The primary functions for the current version are
Inspect radosgw bucket/key ACLs
Spot differences between bucket and key ACLs
Allow or disallow user read/write to buckets and keys
When modifying a bucket ACL, modify the ACLs for keys as well
Verify uploads using checksums
Upload using multiple threads
The name, “radula”, is a cephalopod-related term that hit close to RADOS. It’s not a tongue, or really even teeth; it’s more like if your tongue had teeth. Spooky.
Installation
Install radula from pypi using pip.
pip install radula
The radula command should be available in your $PATH.
Testing
Install the pip packages listed in testing-requirements.txt and run nosetests.
$ pip install -U -r testing-requirements.txt $ nosetests --with-coverage --cover-package=radula
The effort to increase code coverage is ongoing.
Configure
radula uses boto, so all configuration is really boto configuration, with some extensions to support streaming copy operations, see the Streaming Copy section below for those custom items. Notable changes are replacing the url to amazon aws with that of one of your gateways. Where applicable, you may have to disable SSL as a default option.
# example shared /etc/boto.cfg [s3] host = radosgw1.your_company.com [Boto] is_secure = False
To add your personal credentials, fill in the following in ~/.boto:
[Credentials] aws_access_key_id = abcdef... aws_secret_access_key = 0123456... [profile other_role] aws_access_key_id = wxyz... aws_secret_access_key = 9765432...
Usage
The command structure for radula is radula [flags] command subject [target]. The “subject” matter or “target” of a request could be a local resource or a remote one, depending on the command being executed. These could be read as “source” and “destination” in some cases, but the intent is simply to flow left to right.

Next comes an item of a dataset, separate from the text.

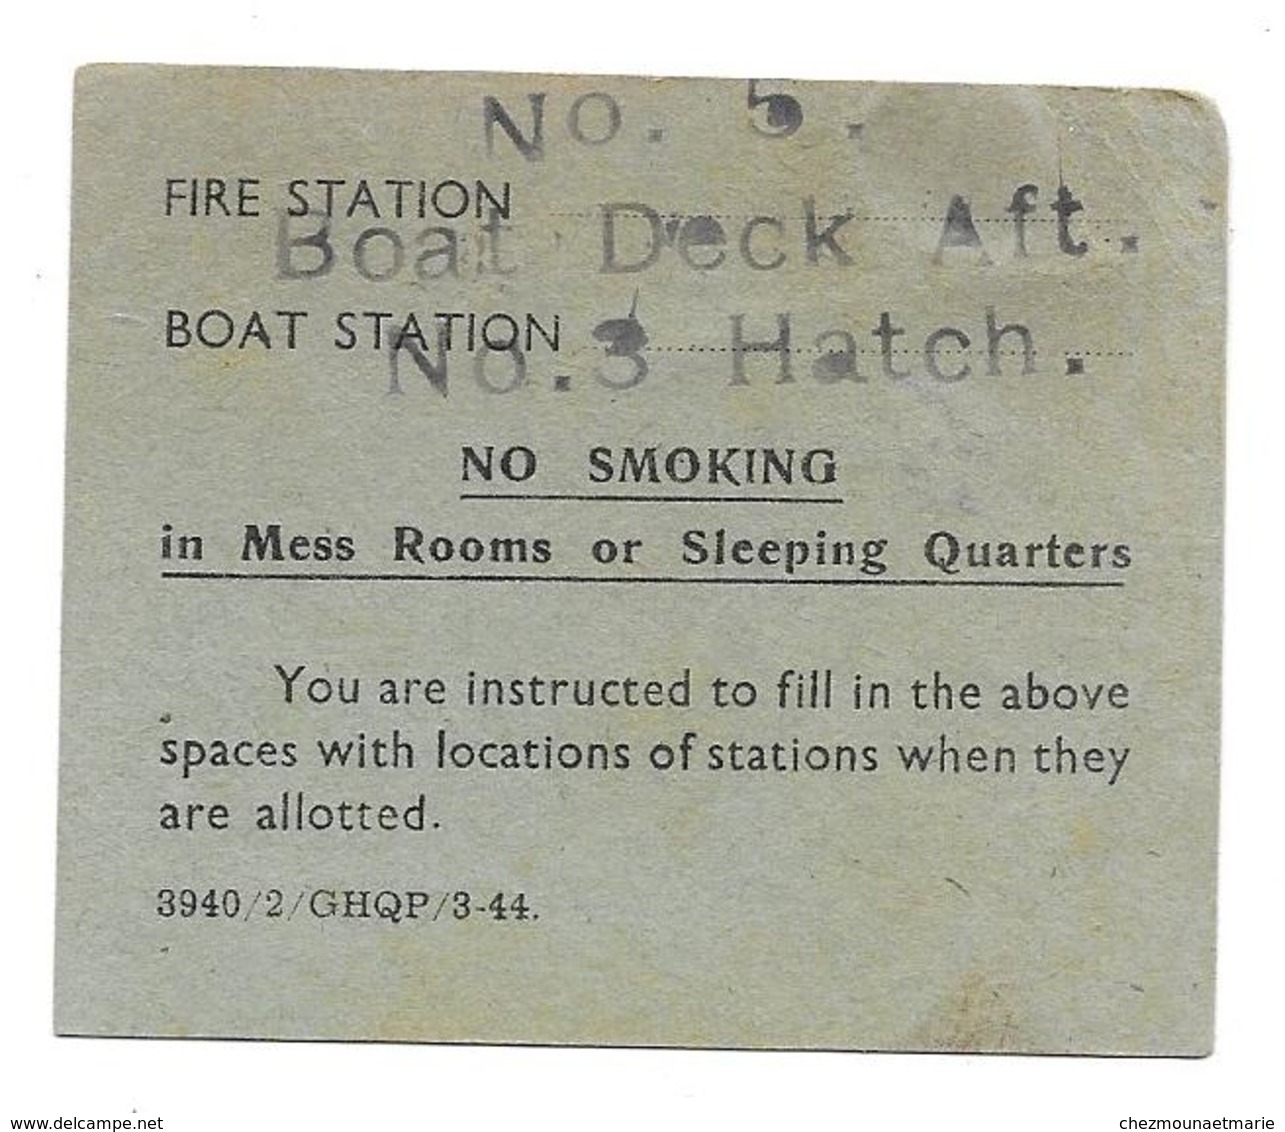 BERTHING CARD - N°5 BOAT DECK AFT N°3 HATCH - FIRE STATION BOAT SATATION - MILITAIRE - Barcos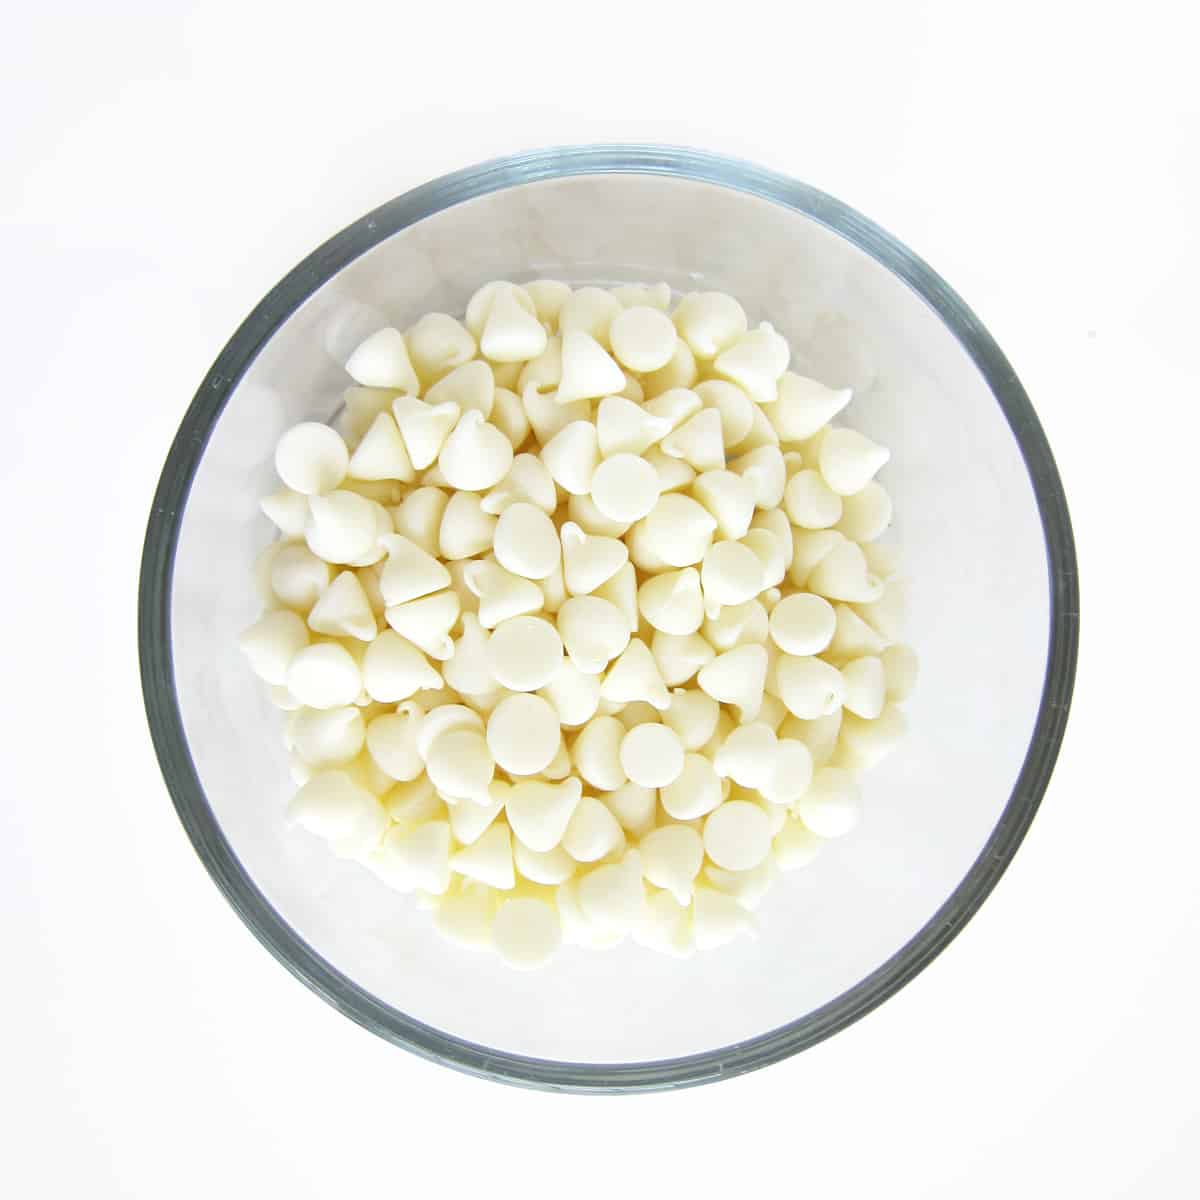 White chocolate chips in a small bowl.

$ usage: radula [-h] [--version] [-r] [-w] [-t THREADS] [-p PROFILE] [-d DESTINATION] [-f] [-y] [-c CHUNK_SIZE] [-l] [-L LOG_LEVEL] [-n] [-z] [-e] [{acls,get-acl,set-acl,compare-acl,sync-acl,allow,allow-user,disallow,disallow-user,mb,make-bucket,rb,remove-bucket,lb,list-buckets, put,up,upload,get,dl,download,mpl,mp-list,multipart-list,mpc,mp-clean,multipart-clean,rm,remove,keys,info,size,etag,remote-md5,remote-rehash,verif y,sc,streaming-copy,cat,local-md5,profiles}] [subject] [target] ... RadosGW client positional arguments: { acls,get-acl,set-acl,compare-acl,sync-acl, allow,allow-user, disallow,disallow-user, mb,make-bucket, rb,remove-bucket, lb,list-buckets, put,up,upload, get,dl,download, mpl,mp-list,multipart-list, mpc,mp-clean,multipart-clean, rm,remove, keys,info,size,etag, remote-rehash,verify,remote-md5,local-md5 sc,streaming-copy,cat,profiles } command subject Subject target Target remainder Additional targets for supporting commands. See README optional arguments: -h, --help show this help message and exit --version Prints version number -r, --read During a user grant, permission includes reads -w, --write During a user grant, permission includes writes -t THREADS, --threads THREADS Number of threads to use for uploads. Default=3 -p PROFILE, --profile PROFILE Boto profile. Overrides AWS_PROFILE environment var -d DESTINATION, --destination DESTINATION Destination boto profile, required for streaming copy -f, --force Overwrite local files without confirmation -y, --verify Verify uploads after they complete. Uses --threads -c CHUNK_SIZE, --chunk CHUNK_SIZE multipart upload chunk size in bytes. -l, --long-keys prepends bucketname to key results. -n, --dry-run Print would-be deletions without deleting -z, --resume Resume uploads if needed. -e, --encrypt Store content encrypted at rest
Examples
This is a quick walkthrough of the features so far. In these scenarios, we acting as the user bibby, who owns the rados bucket mybucket. In some of the examples, we’ll be manipulating the access to this bucket for a second user called fred.
Contained in the bucket are two regular files: hello and world.
List available profiles
See Boto docs for working with profiles.
[bibby@machine ~]$ radula profiles here there * DEFAULT
Displaying bucket ACL
[bibby@machine ~]$ radula get-acl mybucket ACL for bucket: mybucket [CanonicalUser:OWNER] Andrew Bibby = FULL_CONTROL
The command get-acl prints the acl. radula assumed that the term mybucket was a bucket, being that it was a lone term.
Displaying key ACL
[bibby@machine ~]$ radula get-acl mybucket/hello ACL for key: mybucket/hello [CanonicalUser:OWNER] Andrew Bibby = FULL_CONTROL
Because the term contained a slash, the subject is correctly identified as hello within the bucket mybucket.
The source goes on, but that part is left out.